今回設置したインターフェース型のVPCエンドポイントは、そのサービス宛ての通信はDNSによる名前解決でエンドポイントのIPアドレスに名前解決されるようになる仕組みとなっています。
参考情報はこちら。
これが実は地味に強力で、接続元のインスタンスがプライベートサブネットにあろうとパブリックサブネットにあろうと、設置されたVPC内の対象サービスとの通信は吸い込まれるかのごとく強制的にVPCエンドポイント経由になります。
つまり、実際の通信経路は次の図のようになります。
それで、ここでもう1つ思い出したいのが、セキュリティグループの設定です。
EC2インスタンスとVPCエンドポイントには、新しく用意するのが面倒なこともあって同じデフォルトのセキュリティグループを設定していました。

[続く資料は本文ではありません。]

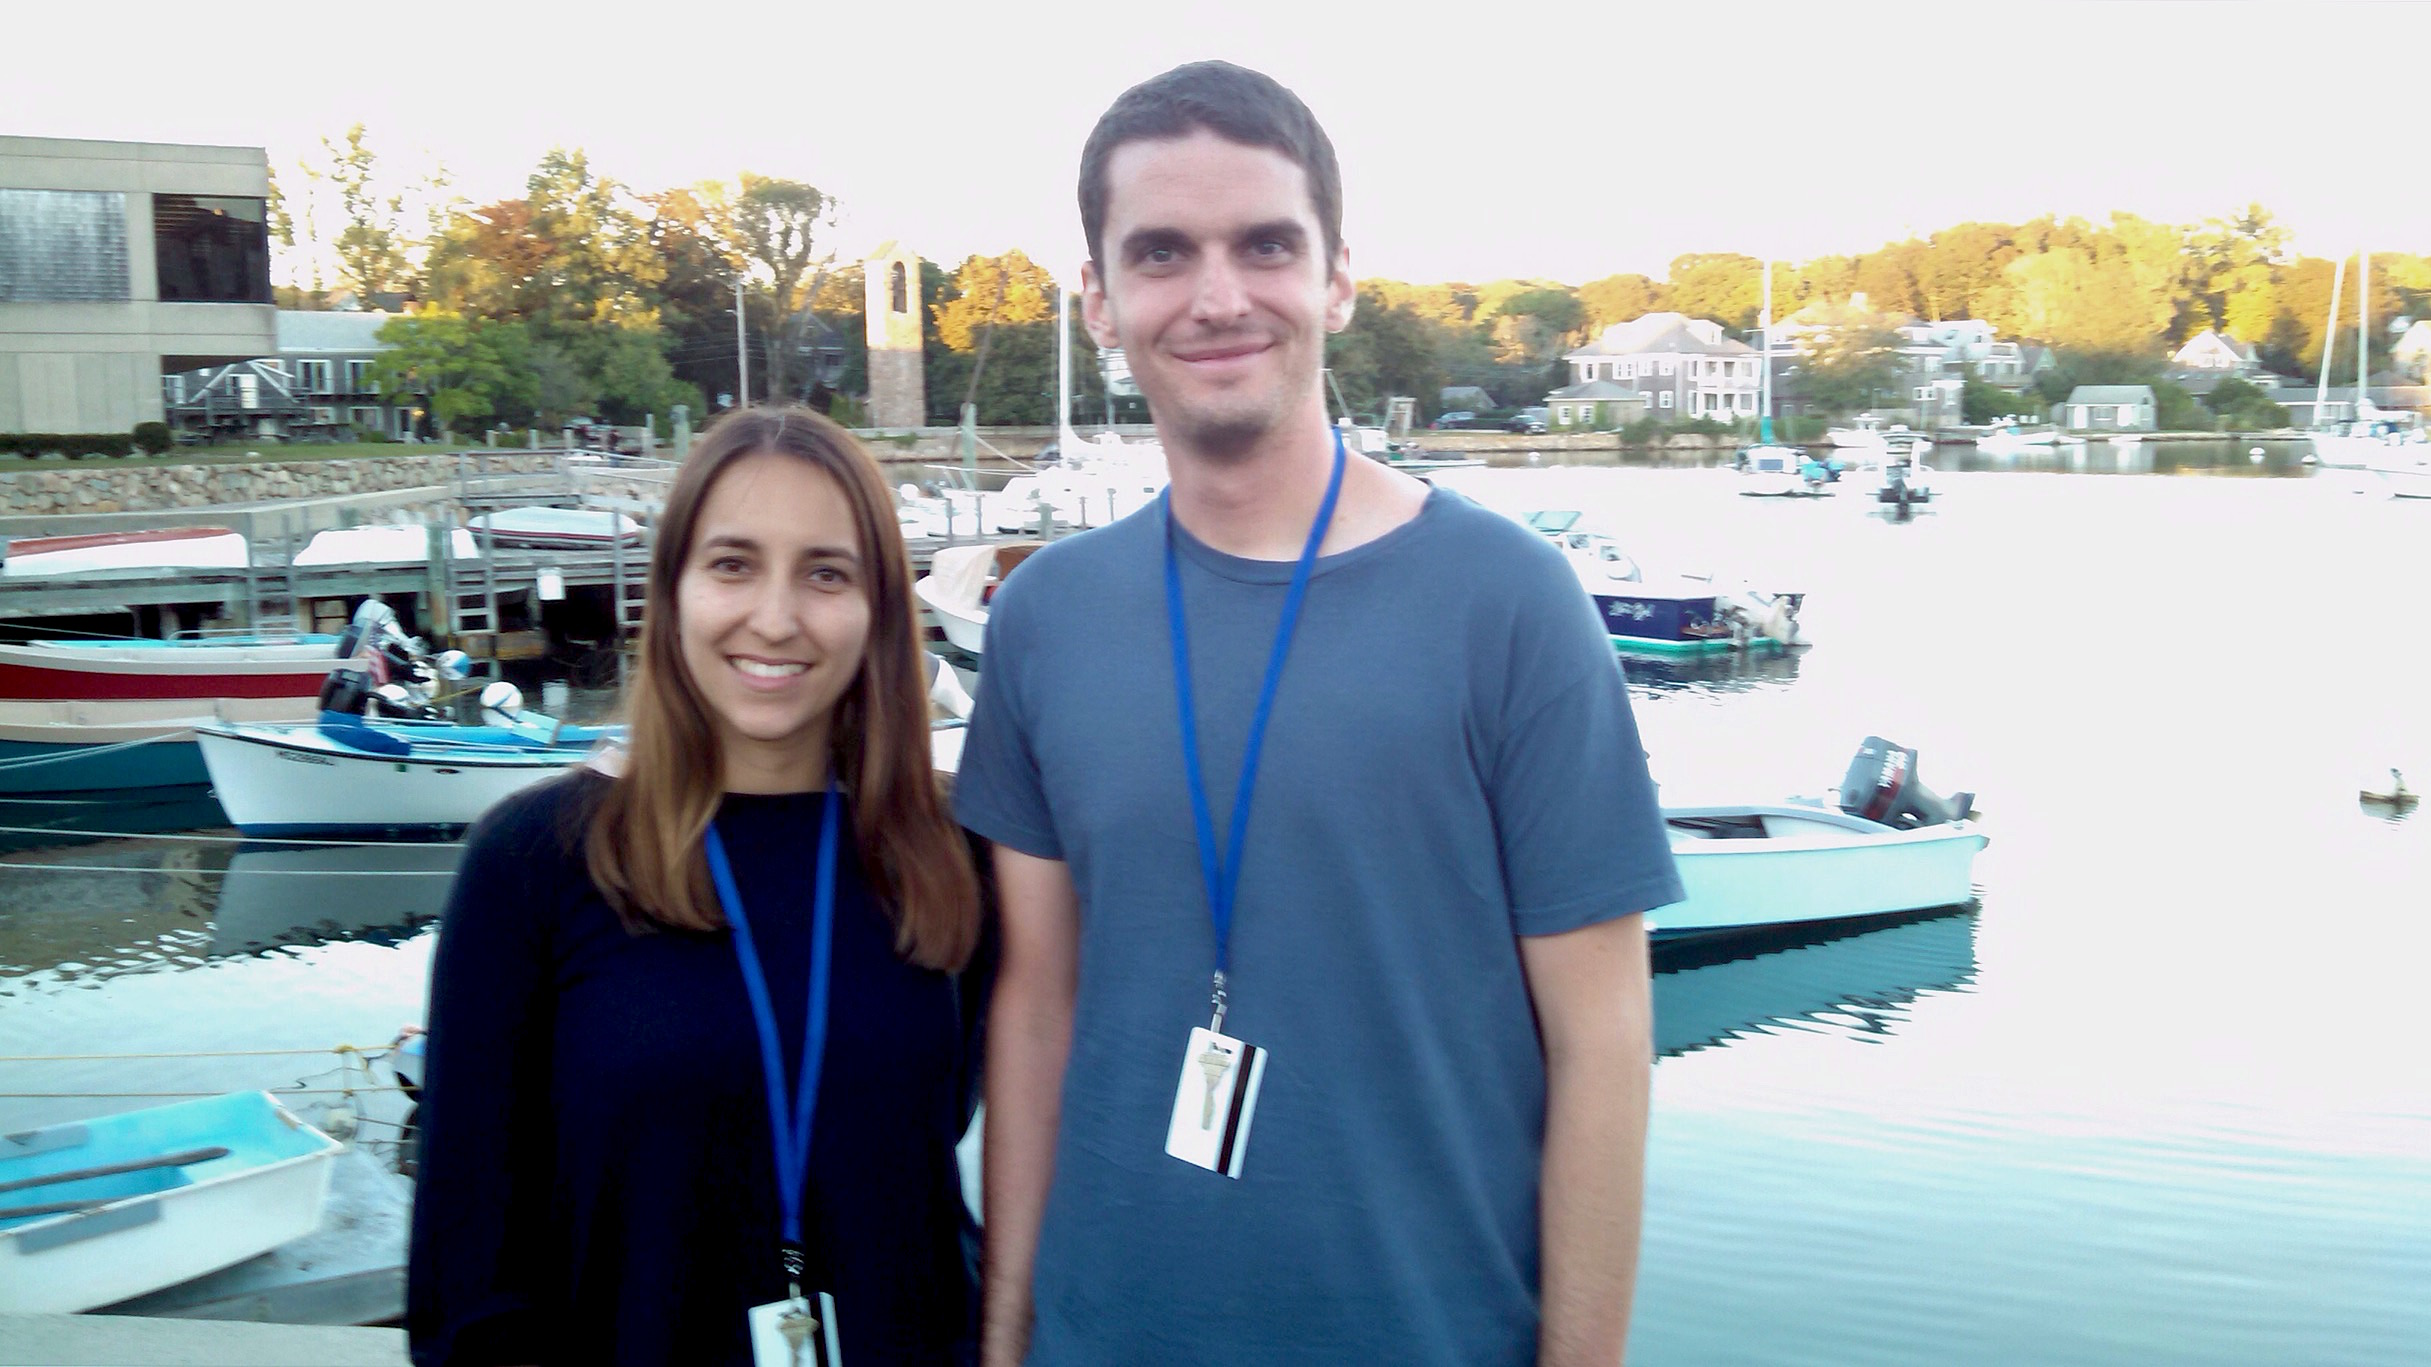 Filipa Ferreira and Tony Szempruch at Woods Hole

もちろん、同じセキュリティグループ内ではセッションマネージャーの通信が通るようにインバウンドの通信を許可していました。
一方、Cloud9用のセキュリティグループからの通信は……ルールを追加するのを忘れていました。
ということで、実際の通信経路は以下の図の通りです。
Cloud9用セキュリティグループからの通信は、デフォルトのセキュリティグループ内にアクセスしようとしたところでブロックされている状況です。
改めてみると、単純なセキュリティグループの設定許可漏れですが、いろいろな要素が絡むと真因を見つけづらいものですね。
その後
原因が分かったところで、ひとまずデフォルトのセキュリティグループにCloud9用のセキュリティグループからのインバウンドの通信を許可するルールを追加しました。
すると、元通りCloud9のインスタンスに接続できるようになりました!
セキュリティグループに関しては、今後適切な単位で切り分けたいと思います。
反省点と教訓
今回のトラブルは、VPCエンドポイントを設置すると、環境にどのような変化が起きるかの理解が浅いまま変更を加えたことが原因でした。
また元を言えば、VPCやセキュリティグループを使いまわしたことも原因です。
さらに、新しく設置したリソースにセキュリティグループは同一のもの割り当てたたために、当該セキュリティグループ外からの通信に影響が出たことが露呈しづらくなっていました。
今回と同様のケースは、ネット上でも記事が見つかるので、割とありがちな失敗ですね。
既存の環境に影響を与えないために、これからは以下のことに気をつけて利用していこうと思います。
- 新しく環境を作る時には、VPCやセキュリティグループを適切な単位で切り分けて新しいものを用意すること
- セキュリティグループを割り当てるときは、既存のどのリソースが属しているか確認すること
- 環境に変更を加える場合は、利用者に一声かけること
本記事が皆さんのトラブル解決に繋がれば嬉しいです。